米国市場が直面する景気減速懸念
米国株式は今週、金融引き締めと景気の先行きを巡る思惑で乱高下する動きをみせています。前週にFRB(米連邦準備制度理事会)やECB(欧州中央銀行)が予想通り利上げ幅を(0.75%から)0.5%に縮小した一方、パウエルFRB議長もラガルドECB総裁も記者会見で「継続的に利上げすることが適切である」とのタカ派的な方針を表明しました。
また、複数のマクロ指標が市場予想を下回ったことで、欧米の景気減速懸念が高まったことが株価の上値を抑えました。
図表1は、米国のコンファレンスボード(民間調査機関)が発表している景気先行指数とFRBが発表しているマネーサプライ(M2)の前年同月比伸びを示したものです。景気先行指数の伸びは▲2.7%(10月)とすでにマイナス圏入りしており、景気の減速傾向を予兆しています。

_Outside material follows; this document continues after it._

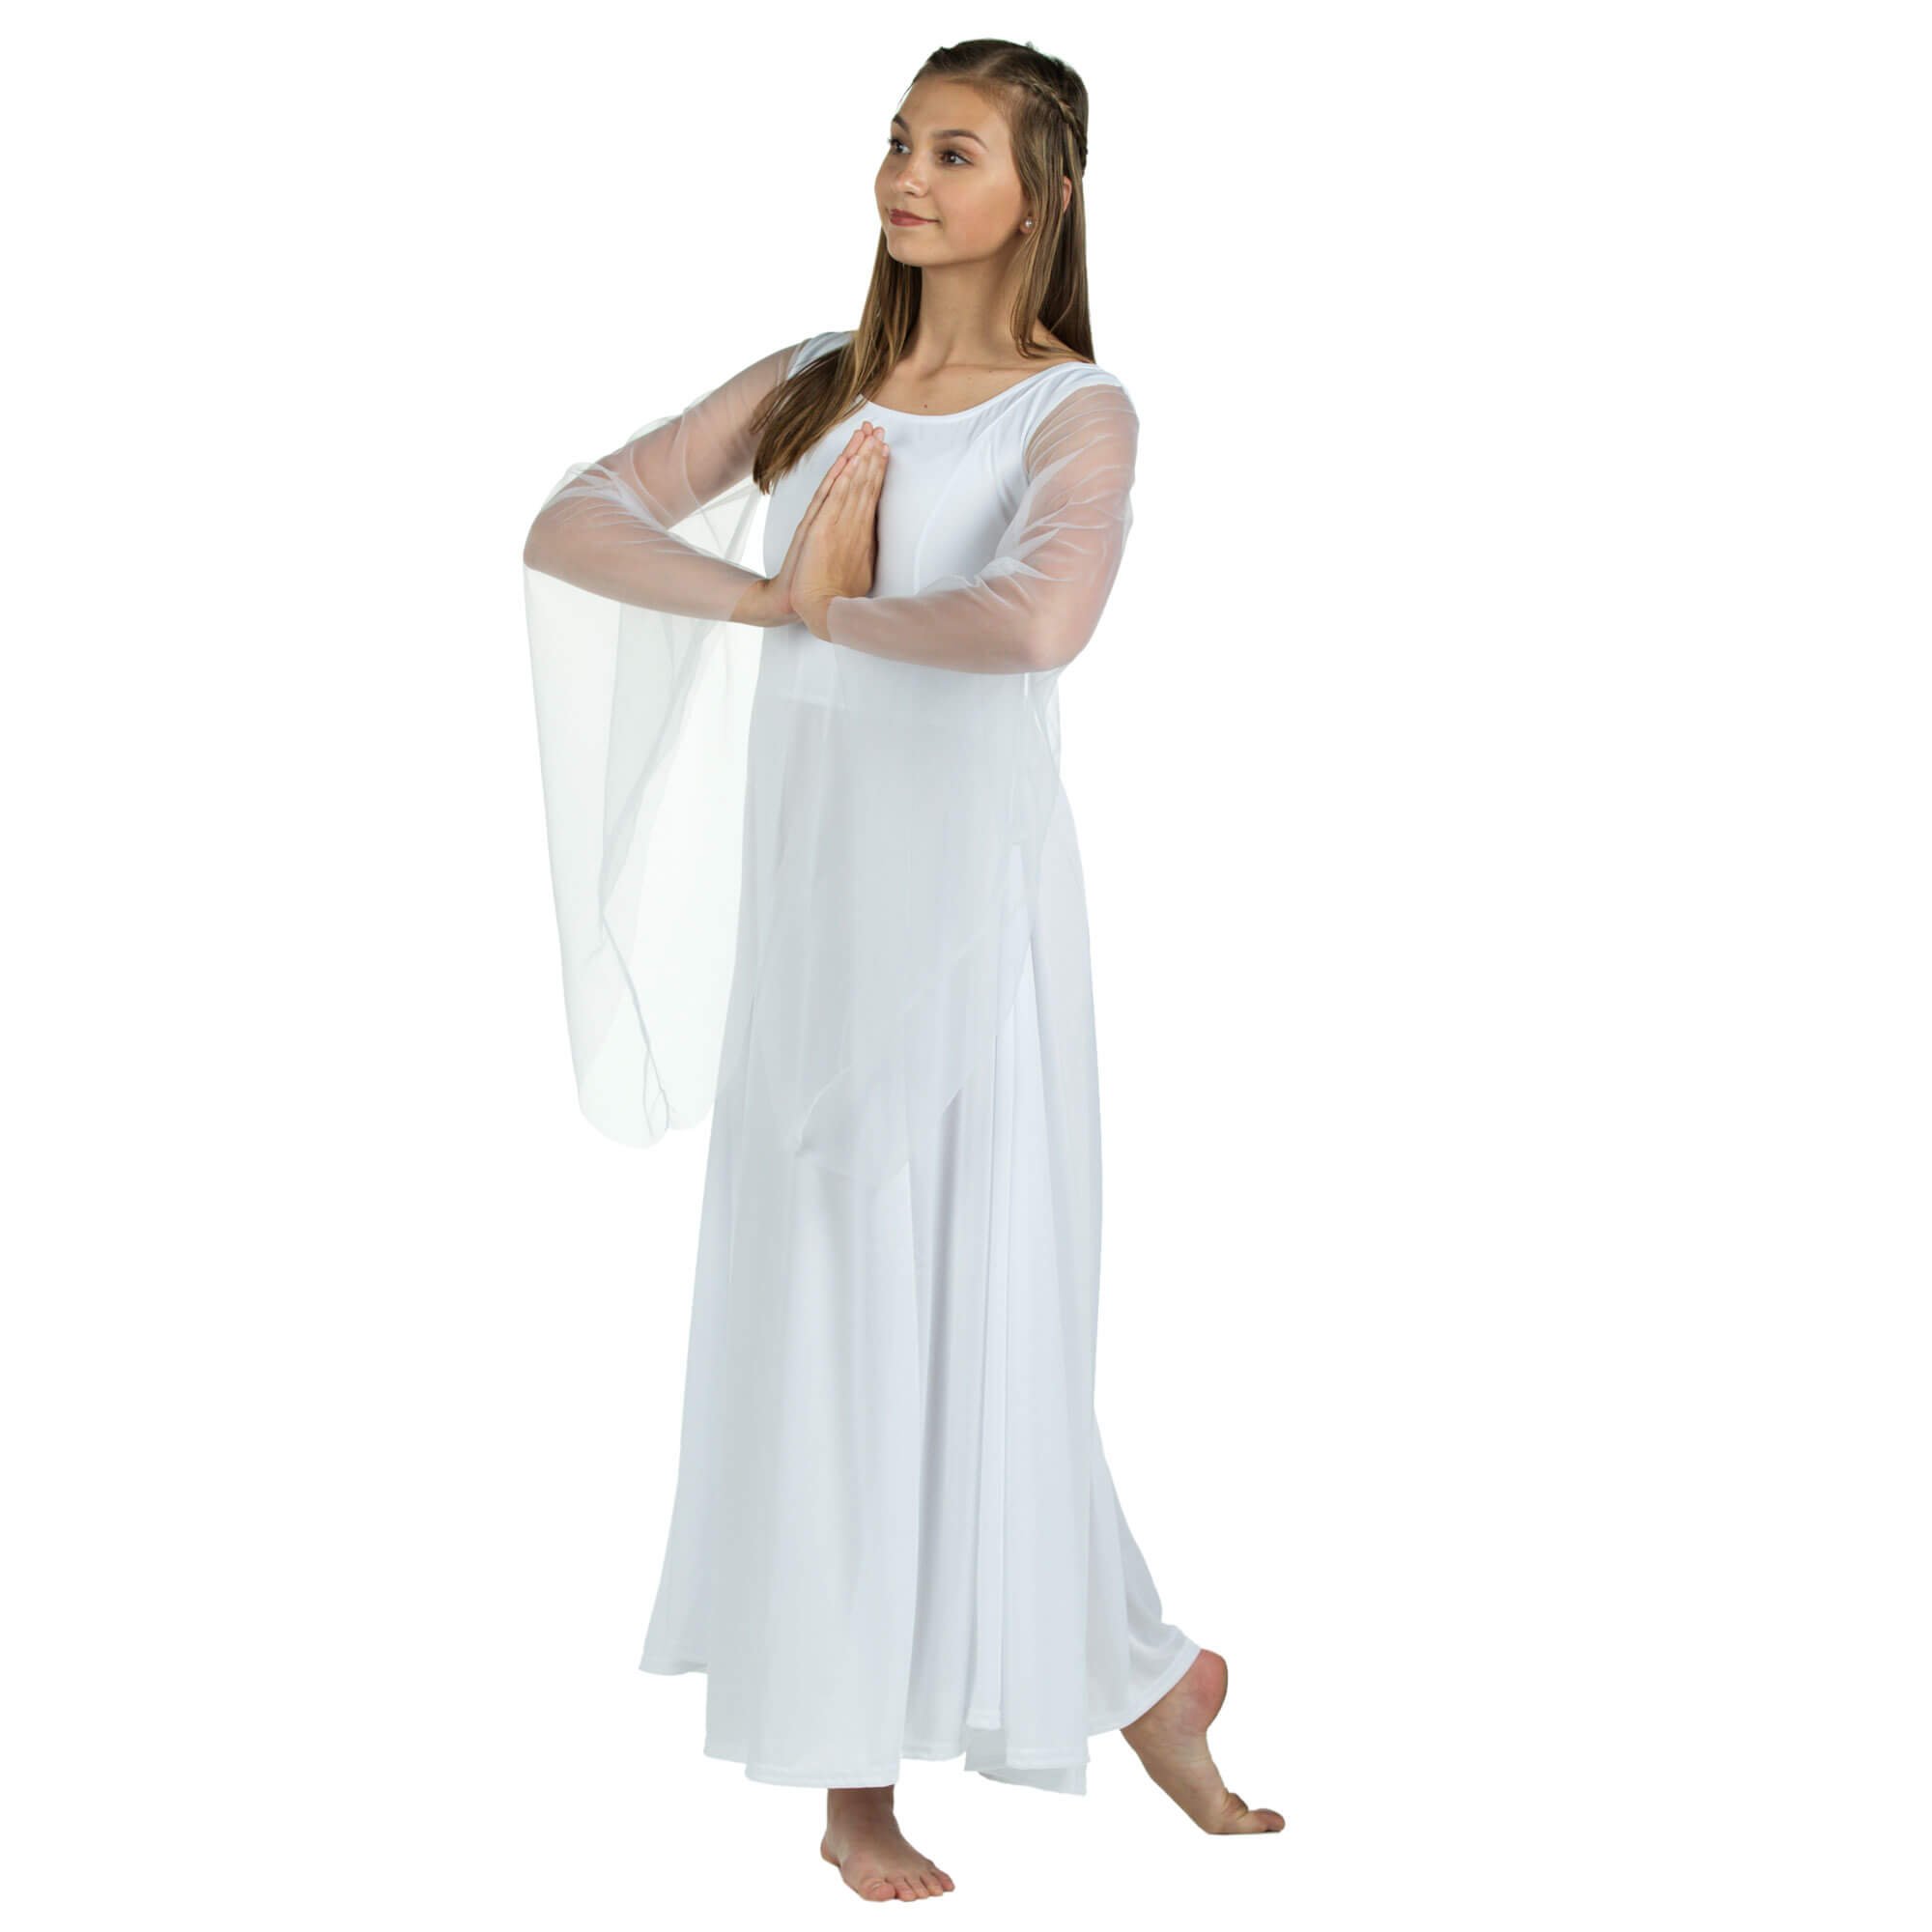 Danzcue Praise Dance Princess Angel Sleeve Dress - Click Image to Close

2020年のコロナ・ショック直後にもマイナス圏となりましたが、当時はFRBと財務省が金融緩和と資金供給を拡大。2020年後半はマネーサプライが20%を超える伸びとなり、景気と株価の反転回復を支えました。
ただ、現在のマネーサプライの伸びは、金融引き締めの影響を受け低調となっています。インフレ動向を示すCPI(消費者物価指数)の前年同月比伸びは5カ月連続で減速を示しています(11月)。12月に入っての株価調整は、金融当局に対して「早期の利上げ打ち止め」を催促している動きにもみえます。